> Many random number generators in use today are not very good. There is a tendency for people to avoid learning anything about such subroutines; quite often we find that some old method that is comparatively unsatisfactory has blindly been passed down from one programmer to another, and today’s users have no understanding of its limitations. — The Art of Computer Programming, Volume 2, by Donald Knuth
That hackernoon post is... unimpressive. Its main argument seems to be that Math.random() uses a PRNG instead of a source of true randomness. That is not compelling. It becomes less compelling accompanied by claims like this:
> So now the question is: what PRNG does JavaScript use?
> The answer: none.
There is zero discussion of why xorshift128+ might be suitable or unsuitable for any given purpose, or of what its characteristics are. The whole thing is just the observation that, if you can understand the raw mechanics of the PRNG, you can have a good laugh at the idea that deterministic bitwise operations are "random".

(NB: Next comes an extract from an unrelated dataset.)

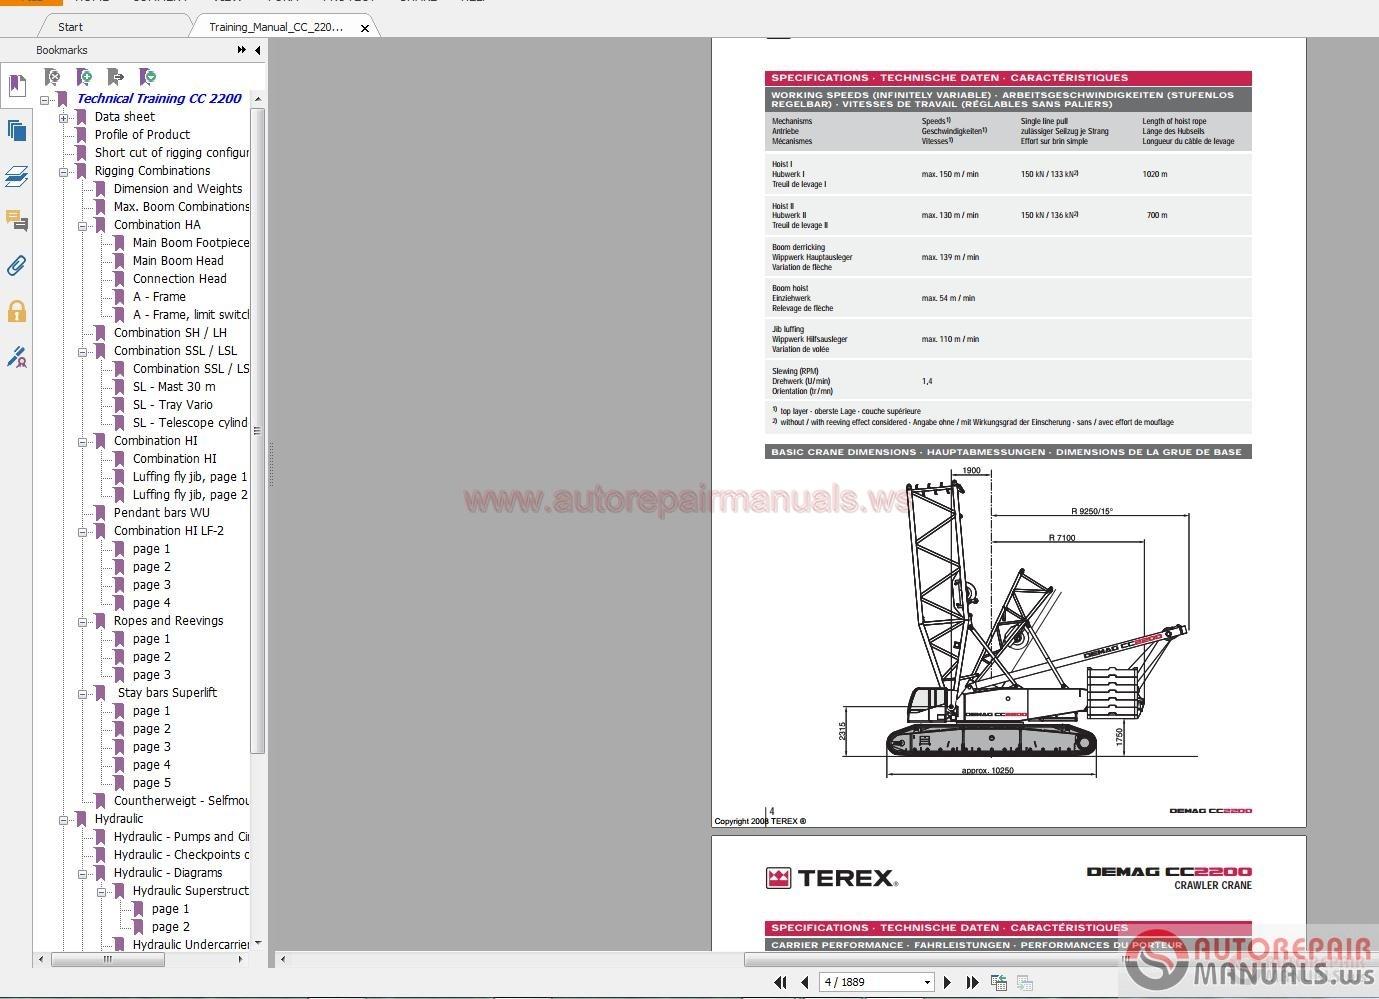 terex demag cc2200 350t training manual auto repair. Black Bedroom Furniture Sets. Home Design Ideas

It does mention that browsers standardized on xorshift128+ in the nearly-forgotten days of 2015, which would seem to make your Knuth quote inapt.
There is absolutely nothing wrong with that. What kind of random number generation you need depends entirely on your use case, and for my use cases it's just fine since "better" random number generators won't give me better results. If you really have strict requirements on your random number, then yeah, you will have to find another solution.